In evaluating the tenability of the Lockean Thesis in the context of the joint problem, I considered three ‘preservationist’ principles concerning when and how acceptable aggregation functions should yield collective beliefs and degrees of belief that satisfy the Lockean Thesis. Two of the principles proved to be unsatisfactory. One principle, SL, is unappealing, because it permits individuals within a group to have different beliefs, while having identical degree of belief functions. A second principle, Lr (for any setting of r in (0.5, 1)), is just too demanding, as it would require that we abandon at least one non-negotiable aggregation principle (as illustrated by Theorem 1). In the end, my investigation focused on a principle called Preservation of Lockean Credulity (PLC), though it is possible that I have overlooked other principles that warrant exploration.
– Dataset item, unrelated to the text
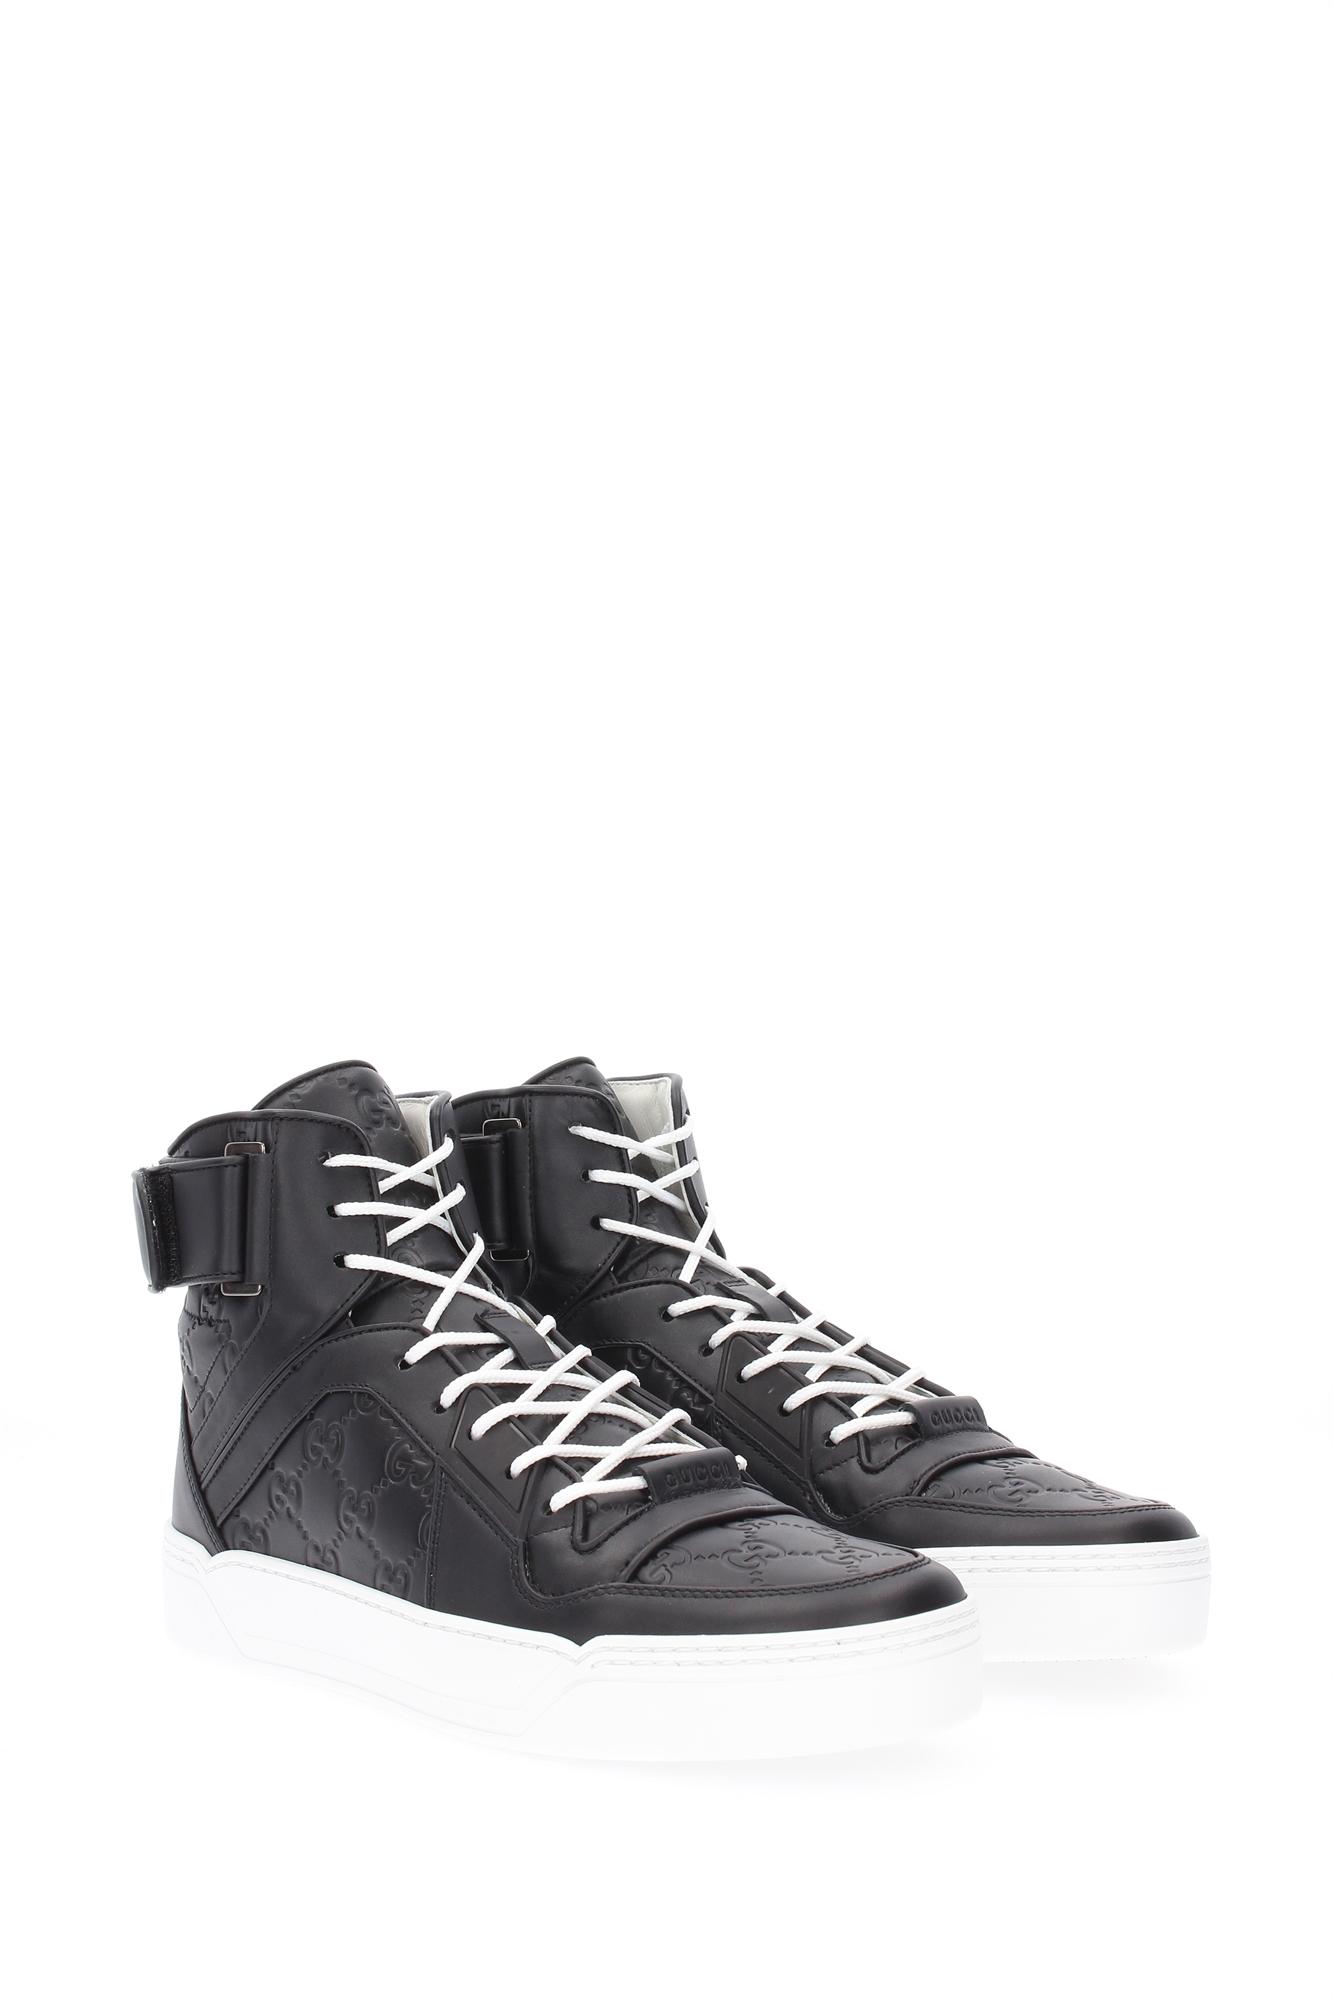 sneakers gucci herren leder schwarz 431141cwd201000 ebay. Black Bedroom Furniture Sets. Home Design Ideas

As encapsulated by PLC, Theorem 7 shows that the Lockean Thesis is compatible with an ensemble of principles that may plausibly be regarded as specifying the non-negotiable core of belief and degree of belief aggregation, namely: universality of inputs (Ub and Up), anonymity (Ab and Ap), neutrality (Nb and Np), unanimity (UNb and UNp), and weak dominance (WDb and WDp). Theorem 7 also shows that our options are very open regarding the sort of belief aggregation function we may adopt, assuming a commitment to PLC. On the other hand, PLC closes off some other significant principles concerning degree of belief aggregation: Theorem 4 and its corollary show that Irrelevance of Alternatives (IA) and Linear Weighting (LW) are problematic, while Theorems 8 and 9 show that Independence Preservation (IP) and Commutativity with Learning (CL) are problematic. The impossibility results presented in Sect. 4 (i.e., Theorems 4, 8, and 9) bear out the claim that acceptance of the Lockean Thesis would place significant constraints on what degree of belief aggregation function one may adopt. On the other hand, the possibility results presented in Sect. 4 (i.e., Theorems 3, 5, 6, and 7) show that the cost of accepting the Lockean Thesis might well be tolerable.